WORK TASK: Which lines of the data contain the string "with"? Copy every one of them.

SOURCE MATERIAL:
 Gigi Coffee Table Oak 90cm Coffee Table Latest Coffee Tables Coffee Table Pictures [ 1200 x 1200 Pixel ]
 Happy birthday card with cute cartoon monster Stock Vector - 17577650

--

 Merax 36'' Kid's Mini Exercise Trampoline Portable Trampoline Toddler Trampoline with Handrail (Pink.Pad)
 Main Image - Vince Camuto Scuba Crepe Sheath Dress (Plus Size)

---

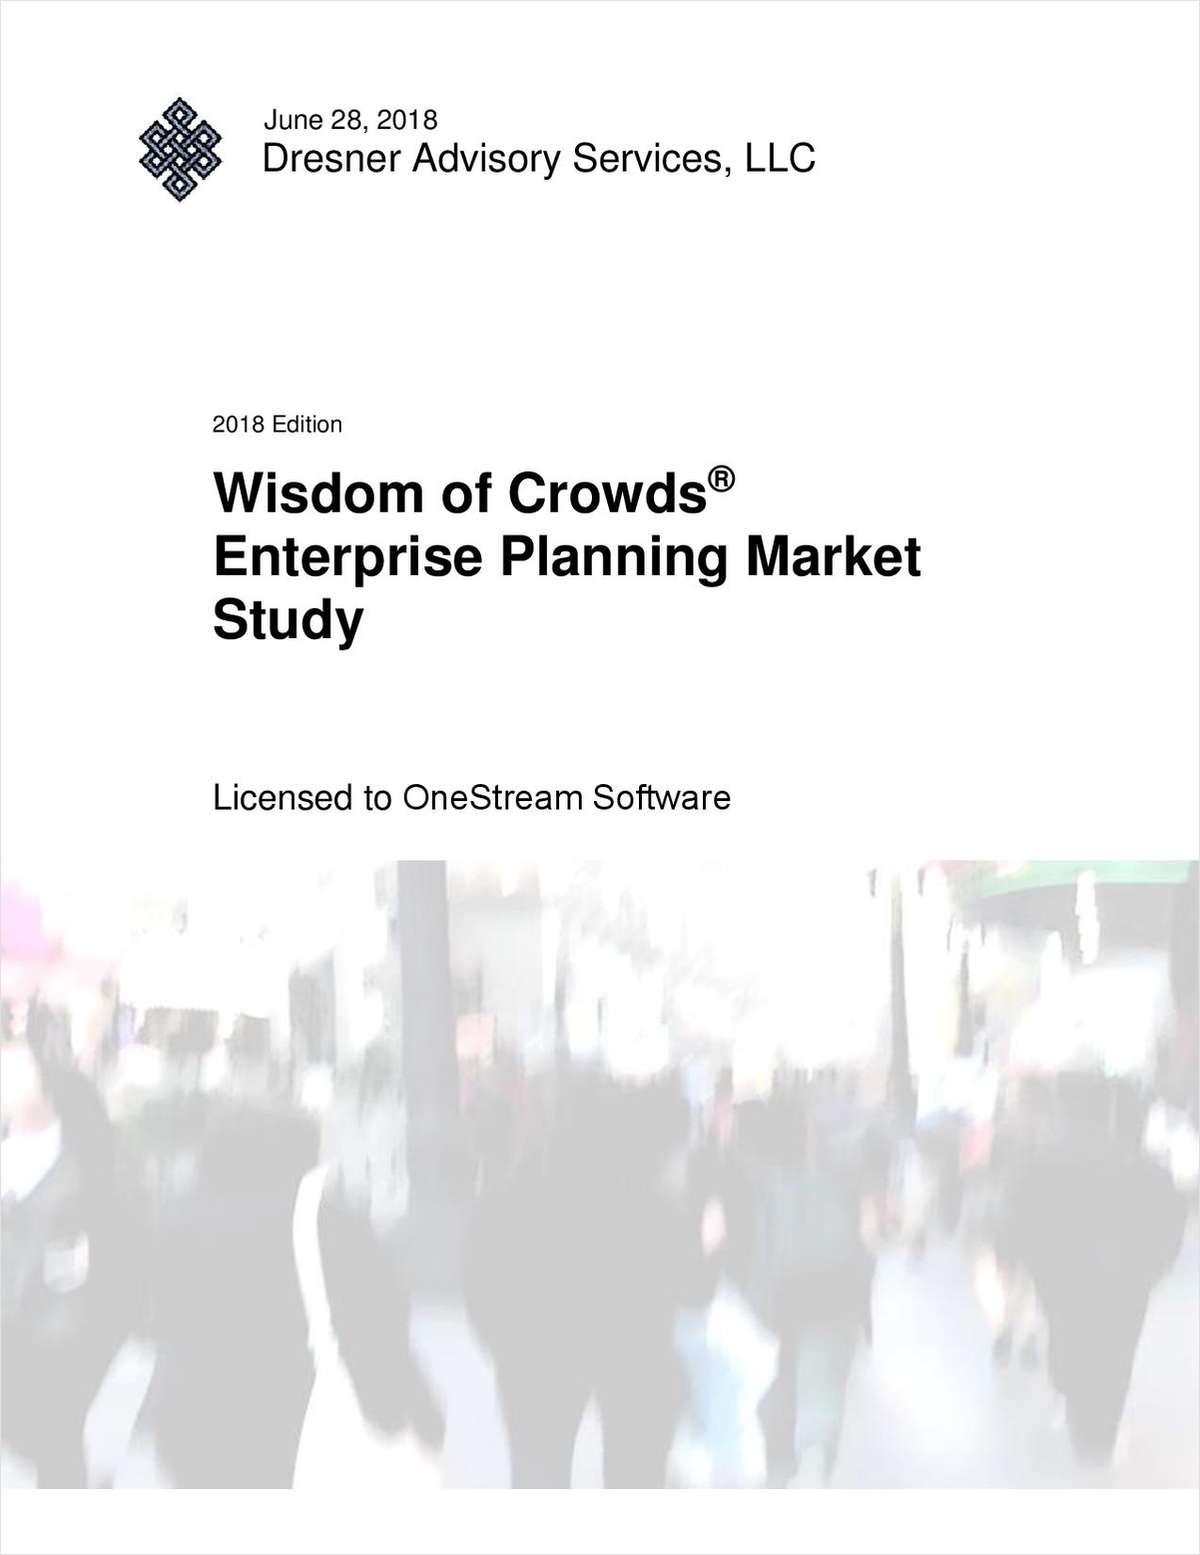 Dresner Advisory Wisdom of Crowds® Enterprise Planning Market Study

TASK ANSWER:
 Happy birthday card with cute cartoon monster Stock Vector - 17577650
 Merax 36'' Kid's Mini Exercise Trampoline Portable Trampoline Toddler Trampoline with Handrail (Pink.Pad)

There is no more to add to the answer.